My local lumber yard gave me the orange strips, which are some type of heavy duty vinyl - I can't remember their intended use. In my case, I stapled the slats to the strips to keep the spacing consistent. By keeping the first and last slats in place with little blocks of wood, the rest remain taut.


----------



## darenrogers (Jan 18, 2010)

Geoguy said:


> My neighbor and I are starting a part-time, hobby, woodworking enterprise. We call it "Two Guys and a 30 Pack.":laughing:


Sounds like a rewarding venture regardless of which was you look at it.


----------



## TexasTimbers (Oct 17, 2006)

Great job Daren.
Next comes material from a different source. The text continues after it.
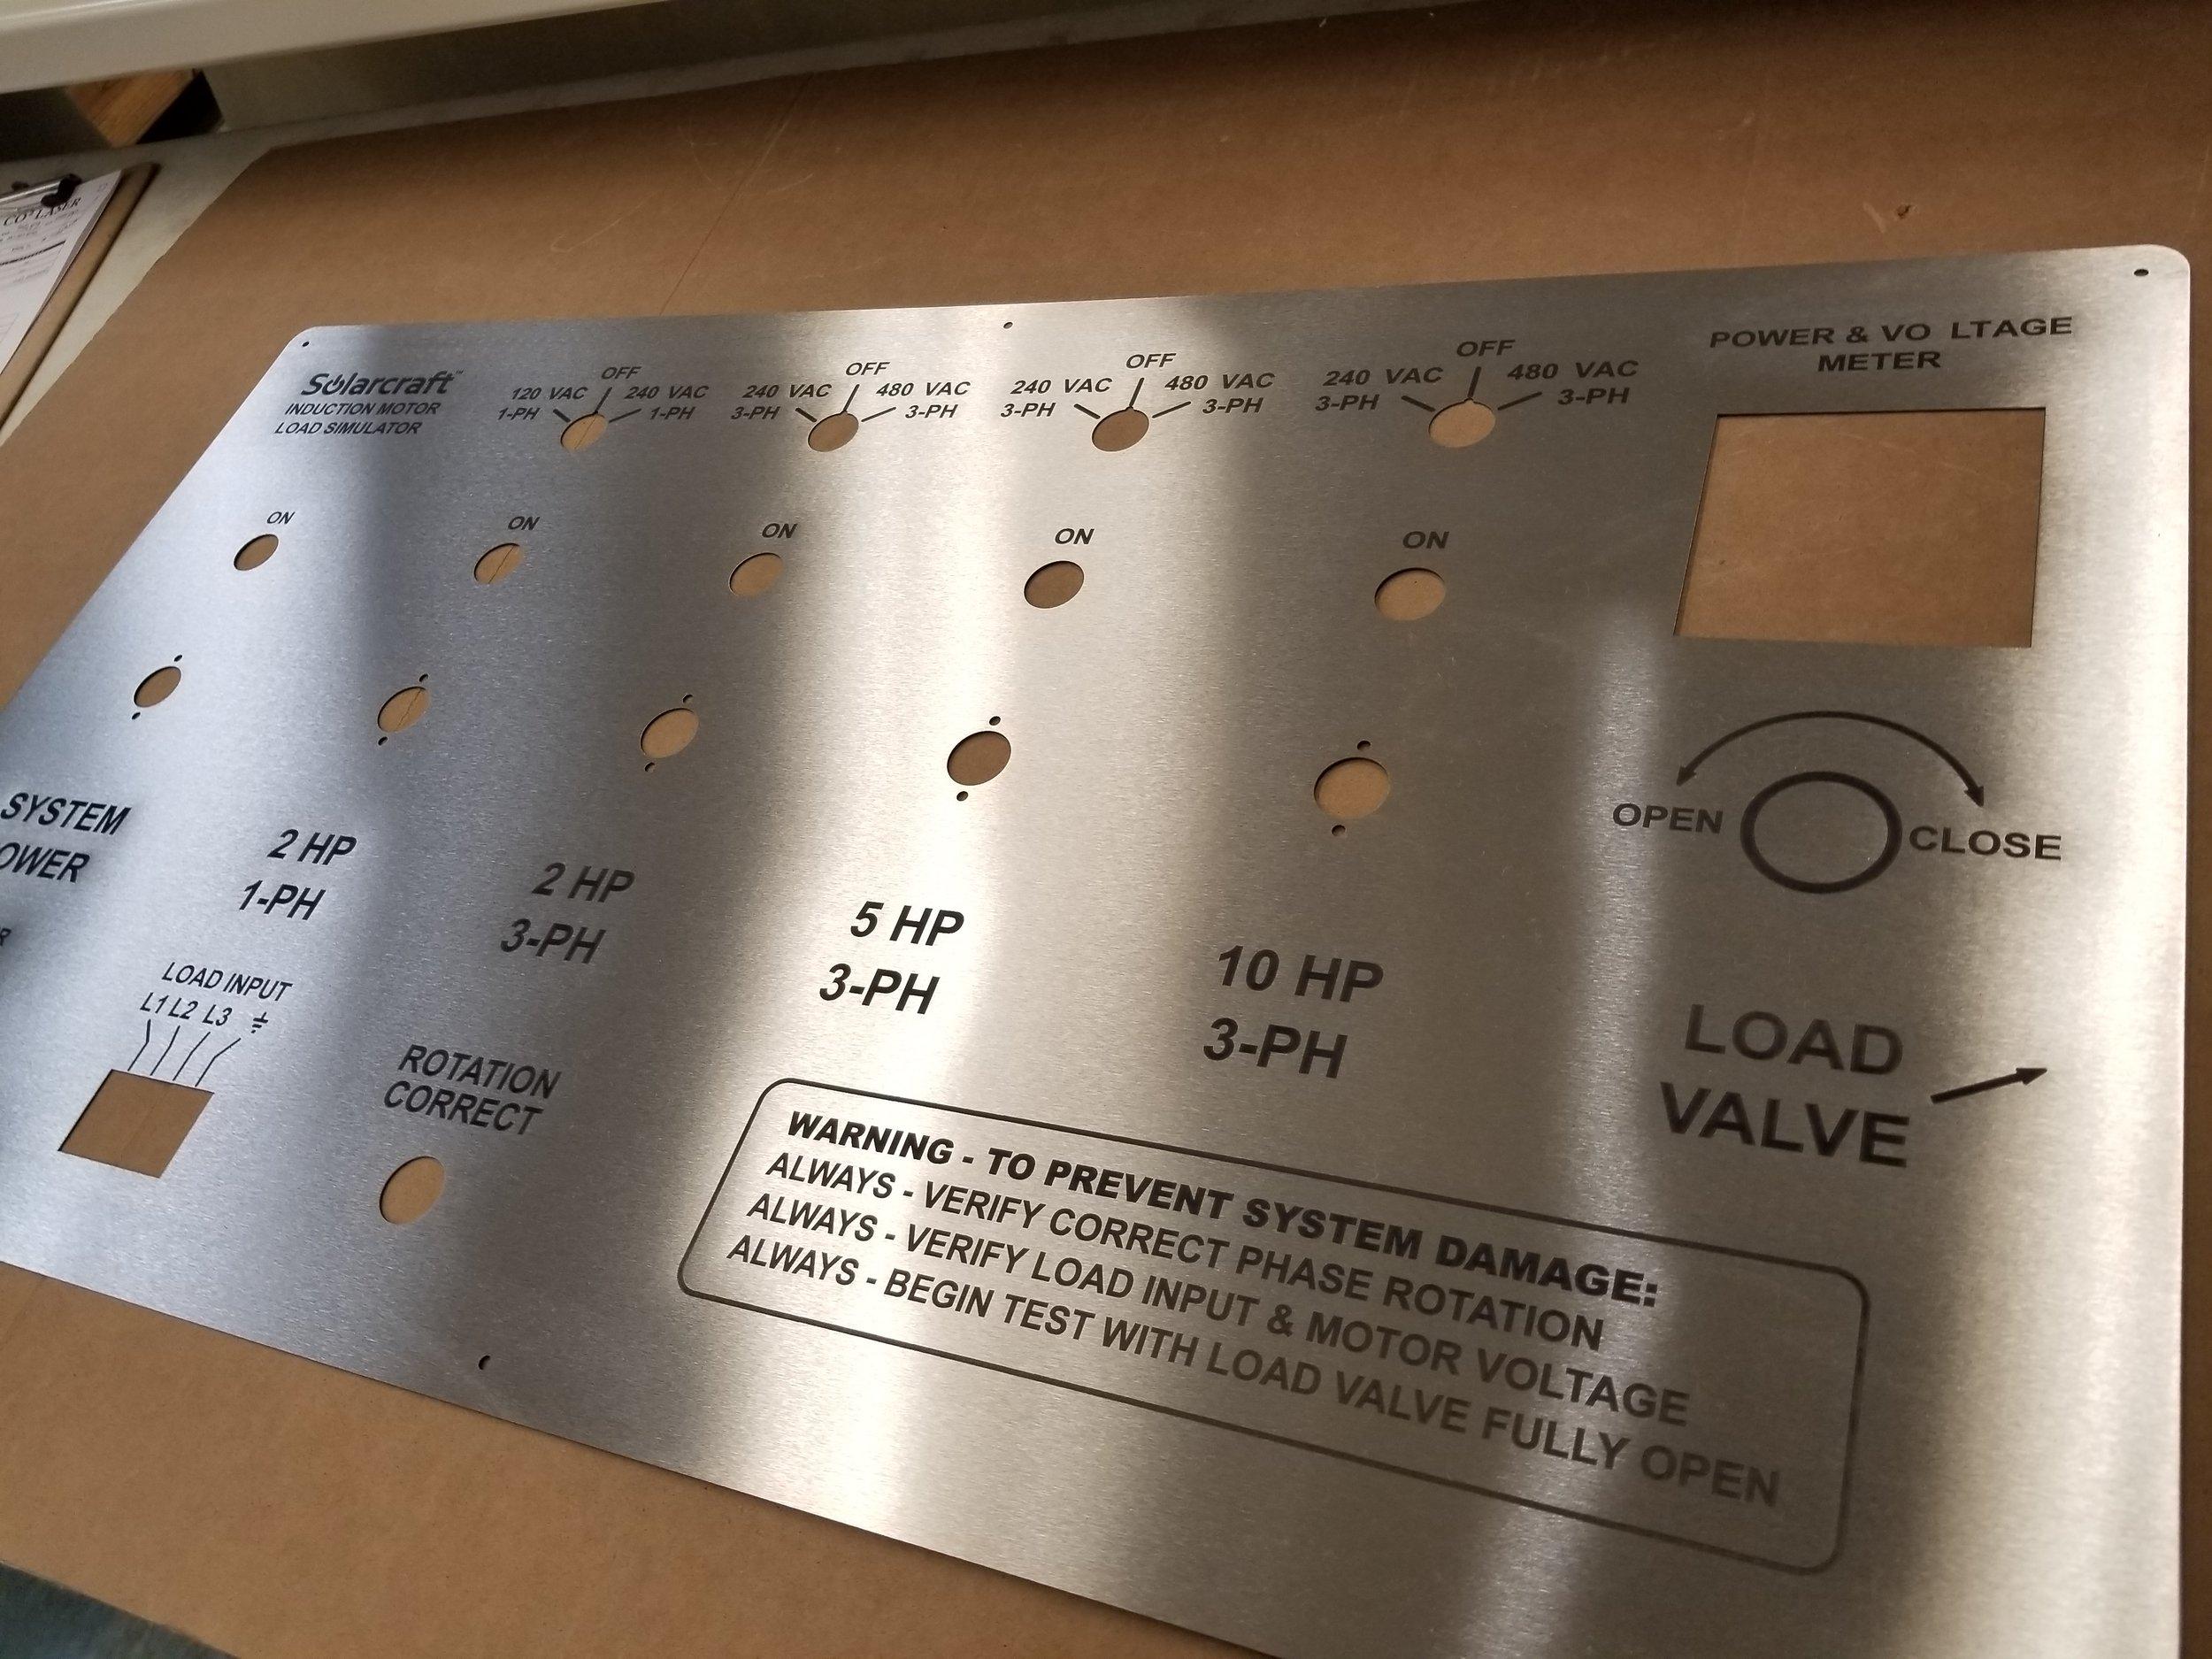 Custom Engraved Schematics - Laser Engraved Stainless Steel Schematic Panel - Engraved Panel - Stainless Steel Engraving - Schematic Engraving - Schematic Marking - Industrial Engraving

Very nice design. 

I built a bed for my niece 20 years ago as a wedding present, and at the time her husband had just joined the navy, so I knew I wanted to make the bed easy to knock down since they would be moving frequently. I had made several beds before making hers and found the rail hangers that i have used ever since. They are simple, strong and sturdier that any others I ever tried, and best of all concealed. 

They get tighter as you put more weight on the rails and so no "rocking" like other bed rail hangers seem to all have. This is them. Best thing about them is the price. Half the price of other hangers that are flimsy and lightweight. 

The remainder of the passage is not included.